If it was in the afternoon I’d do some kind of spin or a ride on rollers in the morning to sort of wake up, and then breakfast. I’m really fussy about what I eat before a time trial because there is nothing worse than being sick during a TT. I have a playlist on my iPod that I like to listen to when I’m warming up that gets me in the right mood.

Don’t mess around with Emma before a time trial. There’s a race to be won.

PEZ: What kind of stuff is on the playlist?
Oh, I can’t tell you, it’s too embarrassing! It’s a really weird mix. I have a few classical songs on there but also Eminem’s Lose Yourself. They are such apt words for any kind of race, really. I like to have a bit of space, normally. Obviously you can’t just ignore everyone. I like to be able to not be hassled. It does stress me out a bit at a TT if there are a lot of people around asking you for autographs or things that are better to wait until after, really.

PEZ: Do you have an opinion on the recent radio controversy?
It can make it harder as a rider. I’m not entirely sure why they’ve done it, to be honest. I don’t have a qualified opinion, so I think I’ll keep it to myself.

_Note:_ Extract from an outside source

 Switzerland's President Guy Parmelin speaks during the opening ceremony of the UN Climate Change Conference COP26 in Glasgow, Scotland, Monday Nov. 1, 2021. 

PEZ: Do you live in Zьrich proper, or near Zьrich?
Just outside, down the lake a bit.

PEZ: Why did you choose that location?
I moved to Zurich in 2005, because I started a PhD here, and I wanted to live abroad anyway. I got an offer with a good supervisor here. It ended up that I found a team here in 2007, and that worked out really well. I didn’t want to move. I like it here. I made it my home. I haven’t finished the PhD, so I’m still studying. I can’t leave until I finish. The area has great riding as well, not so good in the winter, but that’s why I go to Australia.

PEZ: You have family there, so it makes it easier?
Yeah, that’s why I went there the first time. It makes it a lot cheaper to stay. I live with my relatives. A bit cheeky, but they haven’t kicked me out yet.

PEZ: Do you speak German?
I do. I learned it in school. I think it’s such a fun language – the way they construct words. They have the most clever words. They have words that we don’t have. They have a word for when you get a song stuck in your head. Ohrworm, ear worm. Isn’t it clever? I think German is really cool. I couldn’t really remember that much when I got here. I had the basic grammar rules in my head. I speak French and Spanish, and I think the more languages you learn the easier it gets. They are all quite similar, well, European languages anyway.

Emma gives an interview to Castelli’s Steve Smith in her beautiful new World Champion skinsuit from Castelli at the beginning of the season.

PEZ: What are your goals when you finish your PhD in geotechnical engineering?
I just want to finish it! I’m at the stage where I feel like I’m constantly letting myself down a bit. It’s a bit of a stressful thing, but I just want to finish it. I never really do much work in the season when I’m trying to train and everything and traveling all the time. I know it’s a lack of self discipline and that if I made myself do it, I could work at it in the season. At the moment I just want to finish the damn thing!

PEZ: When you train, what do you put in your pockets?
I have my little plastic bag with my phone, money, and my donor card because I think it’s quite important. It sounds terribly morbid, but I’m a very strong believer that I really want to donate my organs if I die suddenly. Realistically, if I’m going to get hit by a car it’s going to be while I’m training.

Food. There is a little Swiss thing like gingerbread filled with nuts, which is one of my favorite training foods. Also grapes. If it’s really hot I take grapes. Suncream, generally.

PEZ: If you could have dinner with a famous person living or dead who would it be?
Douglas Adams. He wrote the Hitchhikers Guide to the Galaxy.

PEZ: What’s your advice for an aspiring young racer?
Keep it fun!

Could the proudest moment have been anything else?

PEZ: Did you ever think of the race you are most proud of?
I think the World TT Championship has got to be it.